- Opening Delimiter -
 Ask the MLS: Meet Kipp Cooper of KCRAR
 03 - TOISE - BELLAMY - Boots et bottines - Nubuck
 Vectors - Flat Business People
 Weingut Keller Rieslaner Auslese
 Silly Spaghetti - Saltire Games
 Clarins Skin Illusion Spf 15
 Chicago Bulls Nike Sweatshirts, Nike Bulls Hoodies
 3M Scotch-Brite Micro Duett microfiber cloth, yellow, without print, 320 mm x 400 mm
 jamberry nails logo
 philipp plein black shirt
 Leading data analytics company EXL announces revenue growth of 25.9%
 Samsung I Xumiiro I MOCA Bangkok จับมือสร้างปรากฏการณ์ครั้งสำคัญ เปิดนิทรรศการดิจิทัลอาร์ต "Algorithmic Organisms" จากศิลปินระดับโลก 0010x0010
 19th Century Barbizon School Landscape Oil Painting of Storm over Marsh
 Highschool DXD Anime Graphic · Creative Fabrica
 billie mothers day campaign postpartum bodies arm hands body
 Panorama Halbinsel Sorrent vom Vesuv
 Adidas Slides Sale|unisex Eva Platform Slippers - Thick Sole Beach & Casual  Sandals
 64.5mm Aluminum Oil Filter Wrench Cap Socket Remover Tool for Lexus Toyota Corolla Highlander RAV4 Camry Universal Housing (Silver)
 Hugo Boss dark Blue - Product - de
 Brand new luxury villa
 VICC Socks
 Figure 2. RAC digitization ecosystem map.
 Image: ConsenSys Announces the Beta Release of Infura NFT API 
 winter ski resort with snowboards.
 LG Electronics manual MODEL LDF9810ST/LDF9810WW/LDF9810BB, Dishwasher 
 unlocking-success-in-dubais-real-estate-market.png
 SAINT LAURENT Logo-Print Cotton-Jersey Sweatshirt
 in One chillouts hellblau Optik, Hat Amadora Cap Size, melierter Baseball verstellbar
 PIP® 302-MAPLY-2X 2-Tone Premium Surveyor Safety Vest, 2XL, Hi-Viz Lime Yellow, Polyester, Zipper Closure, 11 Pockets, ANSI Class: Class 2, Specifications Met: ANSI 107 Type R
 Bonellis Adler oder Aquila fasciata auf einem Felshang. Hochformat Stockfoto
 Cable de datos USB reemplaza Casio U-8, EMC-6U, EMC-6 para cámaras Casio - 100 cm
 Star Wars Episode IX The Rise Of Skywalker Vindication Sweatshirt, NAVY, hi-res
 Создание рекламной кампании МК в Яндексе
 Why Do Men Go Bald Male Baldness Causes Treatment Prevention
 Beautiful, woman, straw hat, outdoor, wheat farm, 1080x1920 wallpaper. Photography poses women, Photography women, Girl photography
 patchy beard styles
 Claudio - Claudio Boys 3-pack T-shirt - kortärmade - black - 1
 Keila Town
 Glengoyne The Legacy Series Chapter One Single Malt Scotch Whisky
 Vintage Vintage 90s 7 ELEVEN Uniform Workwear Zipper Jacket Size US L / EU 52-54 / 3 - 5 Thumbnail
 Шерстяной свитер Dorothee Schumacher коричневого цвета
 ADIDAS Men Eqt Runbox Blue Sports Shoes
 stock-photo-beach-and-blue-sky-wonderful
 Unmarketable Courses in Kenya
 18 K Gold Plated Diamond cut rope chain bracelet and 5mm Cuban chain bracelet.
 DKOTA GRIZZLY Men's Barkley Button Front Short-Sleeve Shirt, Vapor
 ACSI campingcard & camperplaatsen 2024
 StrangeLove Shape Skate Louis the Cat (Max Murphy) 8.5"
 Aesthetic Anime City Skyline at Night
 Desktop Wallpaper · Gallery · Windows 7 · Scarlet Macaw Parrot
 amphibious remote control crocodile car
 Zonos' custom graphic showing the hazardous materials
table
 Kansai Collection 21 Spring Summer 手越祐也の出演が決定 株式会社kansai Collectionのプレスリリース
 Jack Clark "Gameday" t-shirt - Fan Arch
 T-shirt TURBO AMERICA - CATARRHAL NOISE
- Closing Delimiter -
Above this task is a listing. Restate, word for word and with nothing added, the lines from the one with "LG Electronics manual" through the one with "Why Do Men Go".

 LG Electronics manual MODEL LDF9810ST/LDF9810WW/LDF9810BB, Dishwasher 
 unlocking-success-in-dubais-real-estate-market.png
 SAINT LAURENT Logo-Print Cotton-Jersey Sweatshirt
 in One chillouts hellblau Optik, Hat Amadora Cap Size, melierter Baseball verstellbar
 PIP® 302-MAPLY-2X 2-Tone Premium Surveyor Safety Vest, 2XL, Hi-Viz Lime Yellow, Polyester, Zipper Closure, 11 Pockets, ANSI Class: Class 2, Specifications Met: ANSI 107 Type R
 Bonellis Adler oder Aquila fasciata auf einem Felshang. Hochformat Stockfoto
 Cable de datos USB reemplaza Casio U-8, EMC-6U, EMC-6 para cámaras Casio - 100 cm
 Star Wars Episode IX The Rise Of Skywalker Vindication Sweatshirt, NAVY, hi-res
 Создание рекламной кампании МК в Яндексе
 Why Do Men Go Bald Male Baldness Causes Treatment Prevention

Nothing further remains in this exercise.